━━ MATERIAL PROVIDED ━━
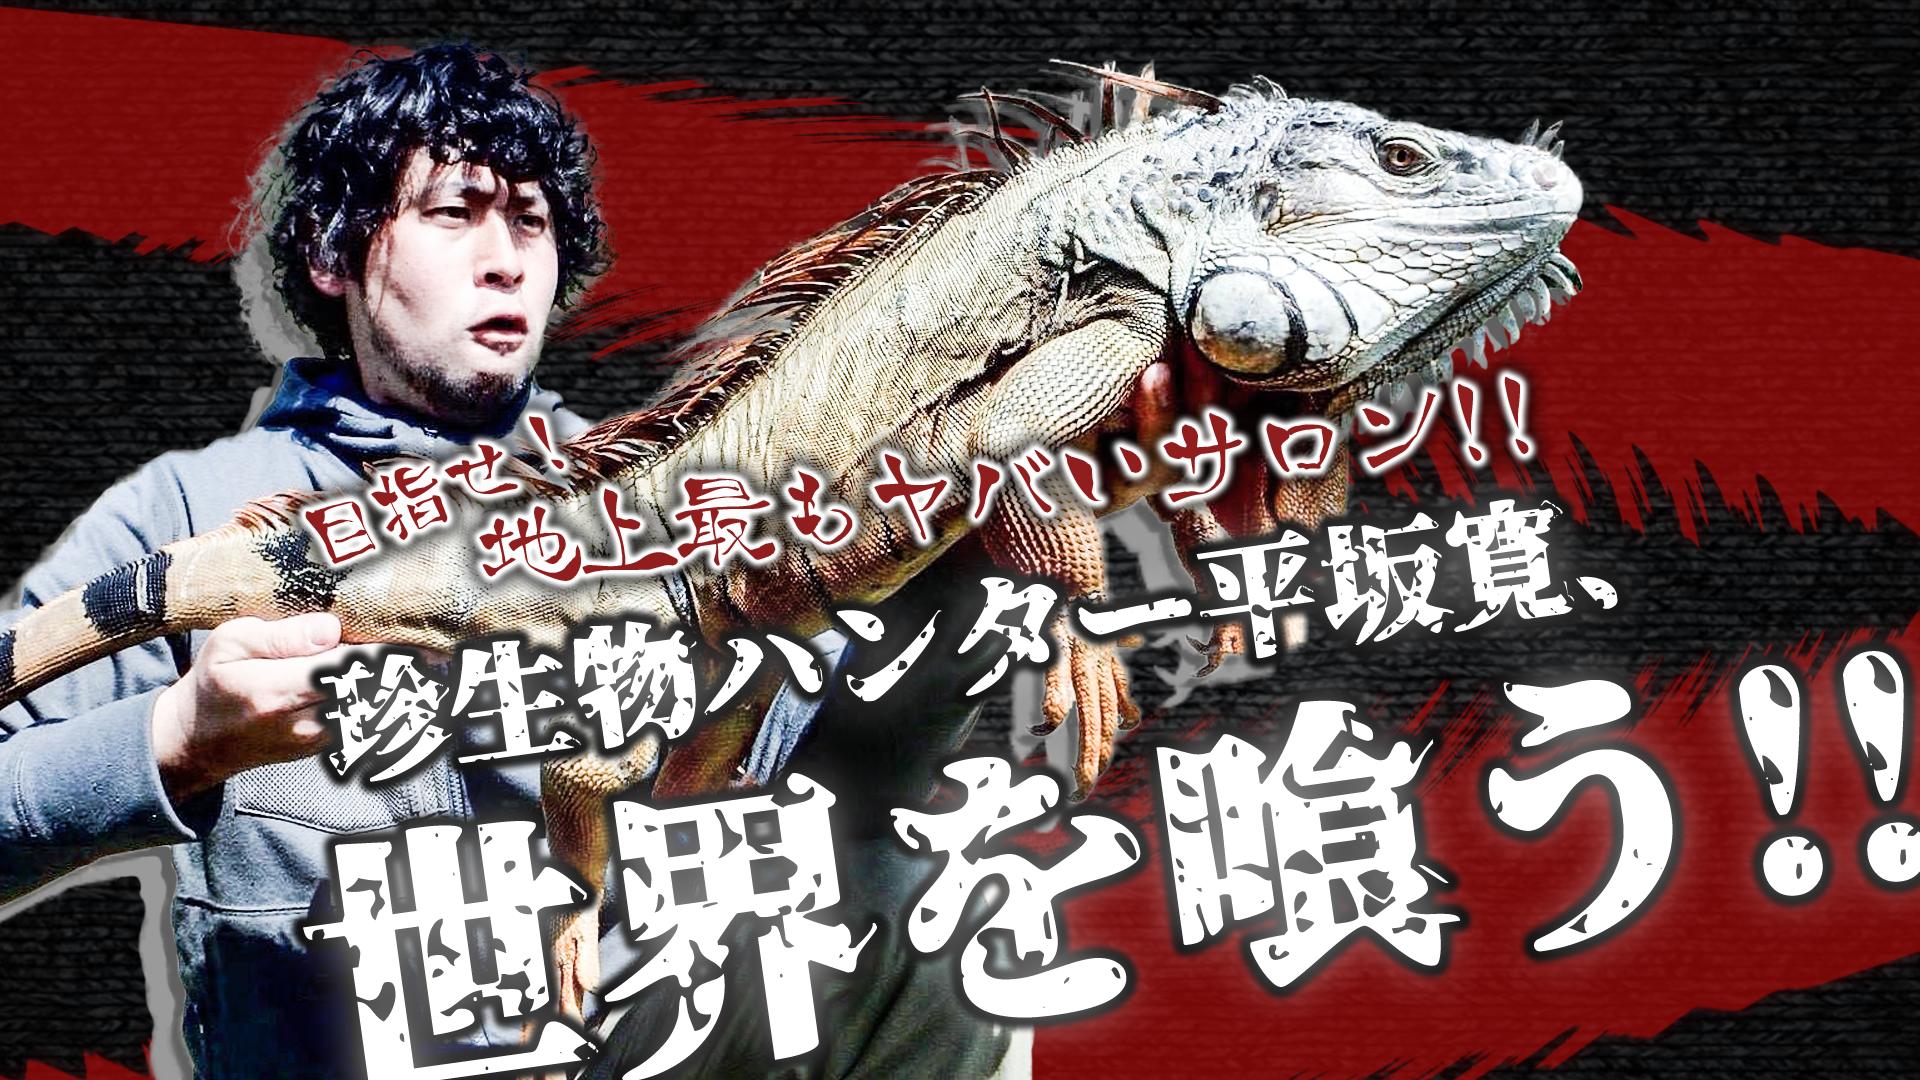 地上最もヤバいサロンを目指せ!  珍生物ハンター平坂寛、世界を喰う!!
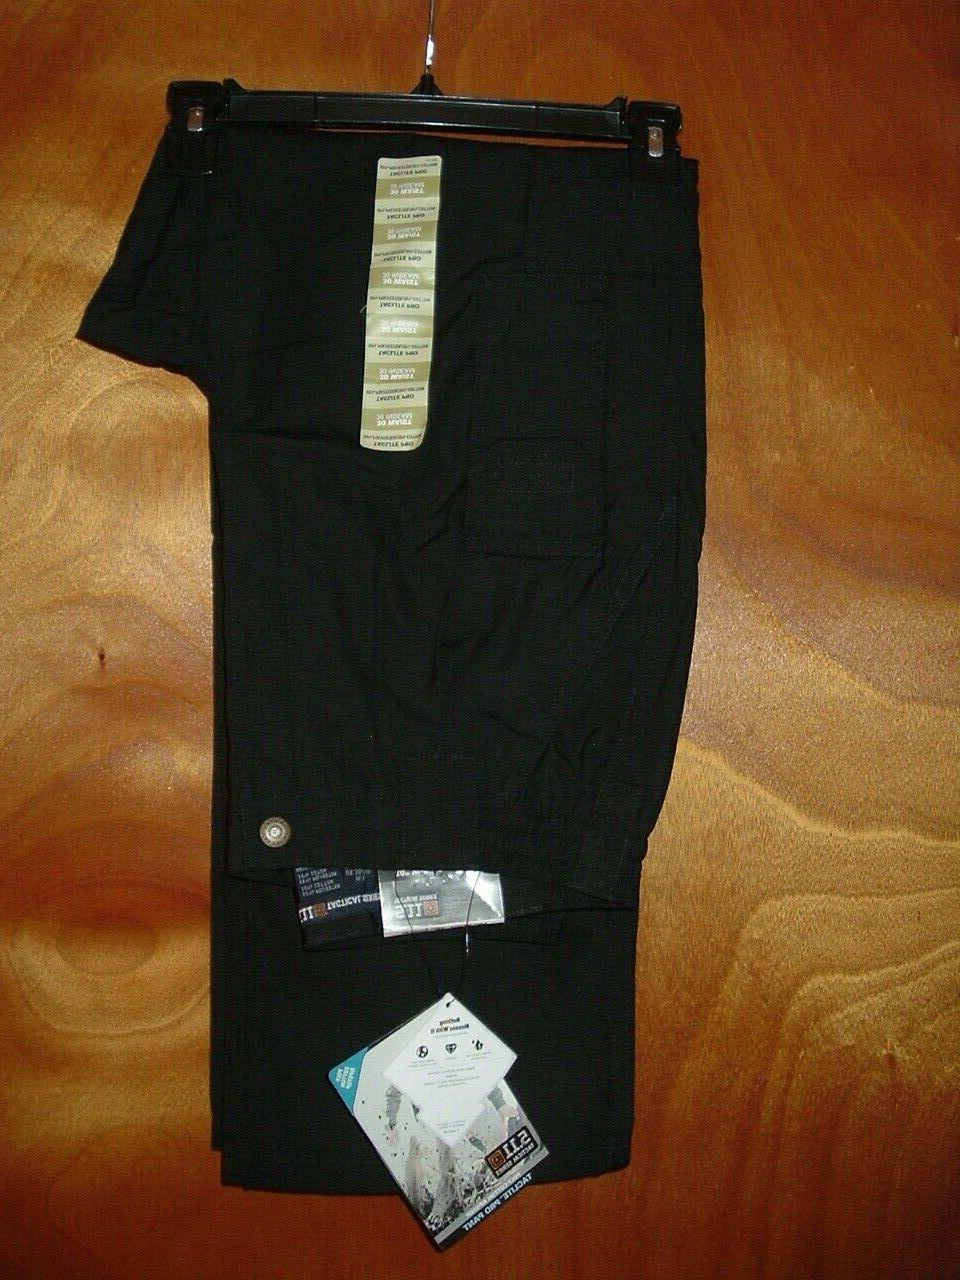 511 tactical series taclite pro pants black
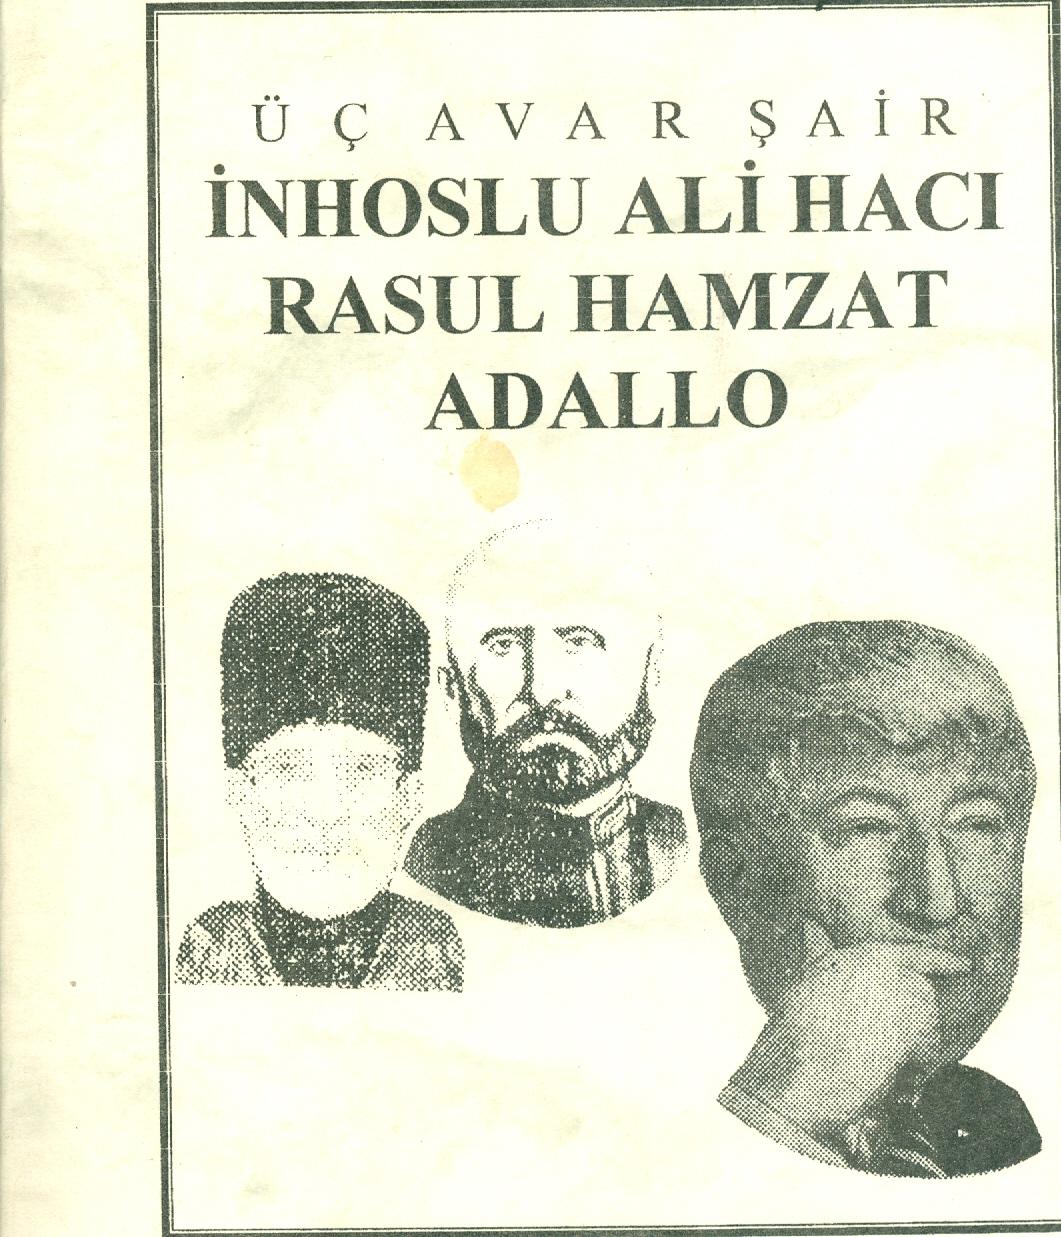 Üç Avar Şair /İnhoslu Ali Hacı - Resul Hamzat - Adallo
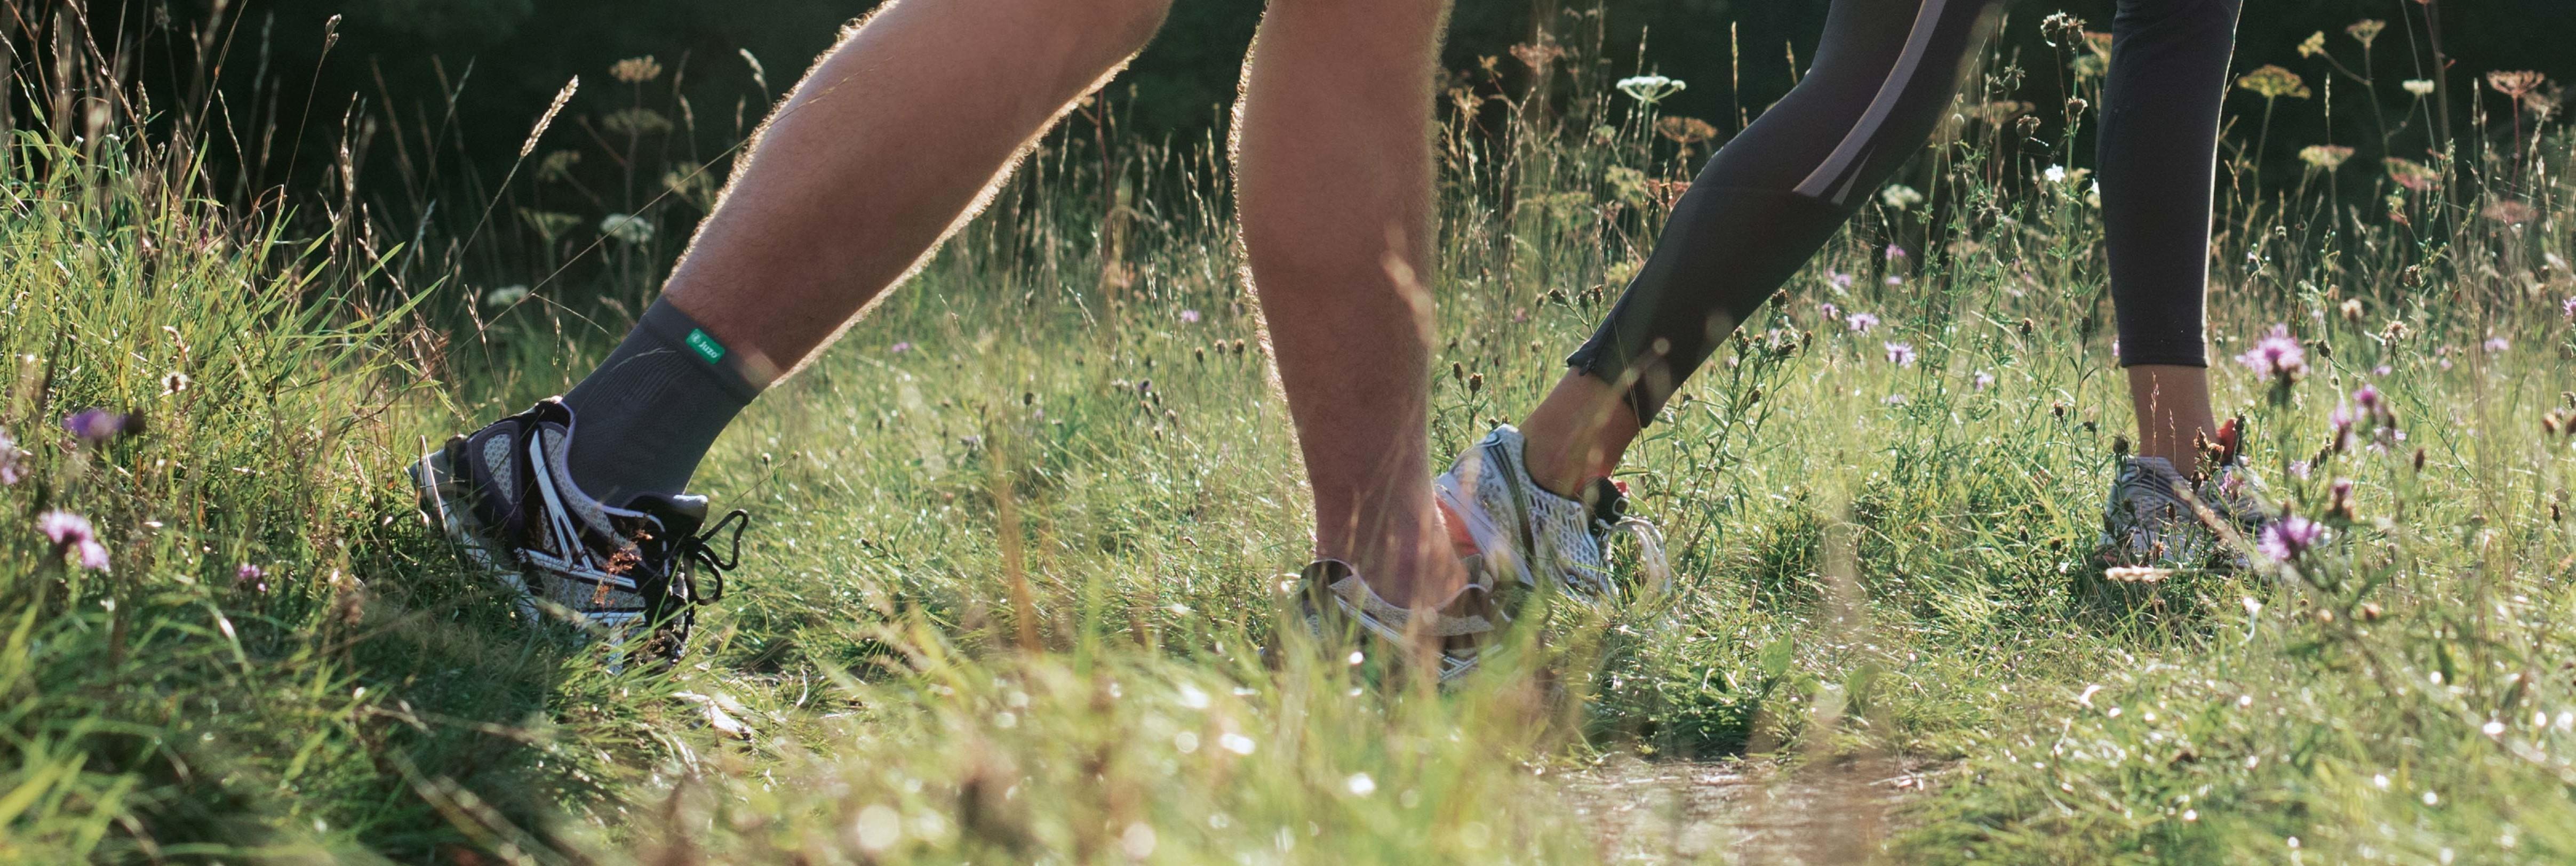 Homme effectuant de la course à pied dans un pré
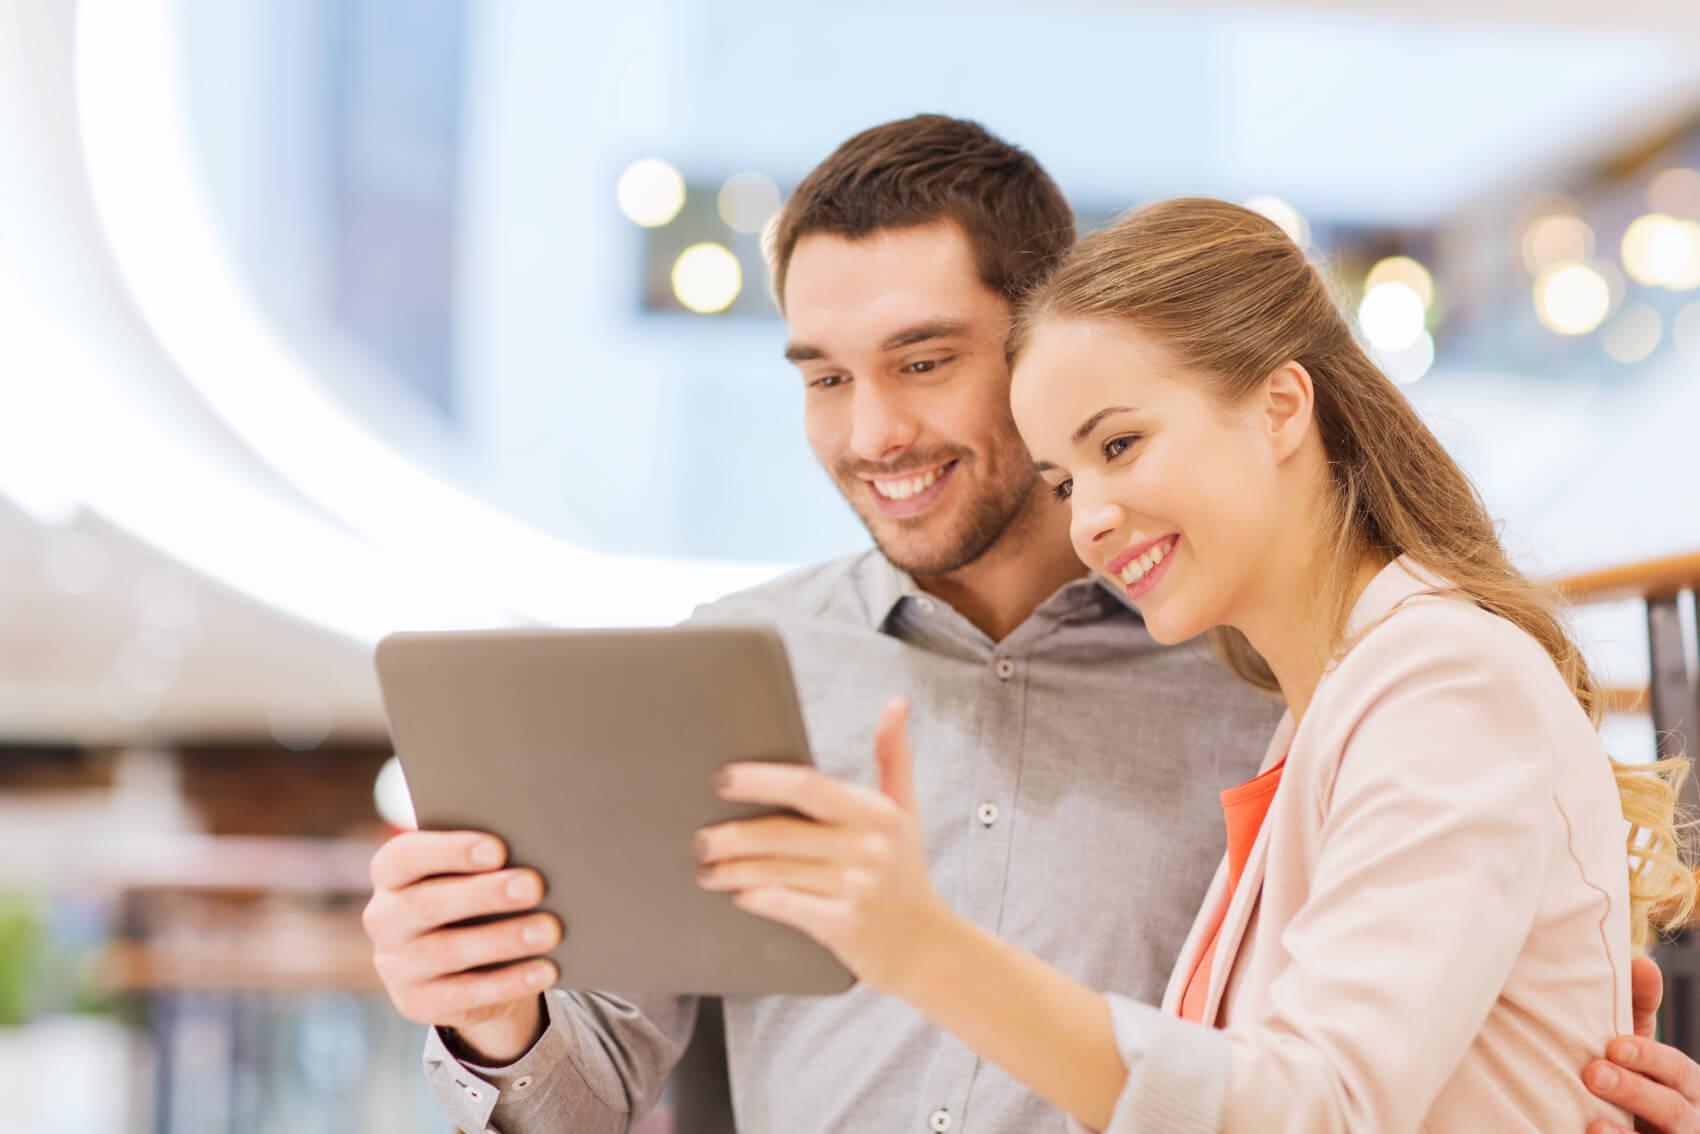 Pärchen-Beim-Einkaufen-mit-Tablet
━━━
# WHAT IS REQUIRED
Copy the data above word for word. Pictures stay out.

# TASK RESULT
 地上最もヤバいサロンを目指せ!  珍生物ハンター平坂寛、世界を喰う!!
 511 tactical series taclite pro pants black
 Üç Avar Şair /İnhoslu Ali Hacı - Resul Hamzat - Adallo
 Homme effectuant de la course à pied dans un pré
 Pärchen-Beim-Einkaufen-mit-Tablet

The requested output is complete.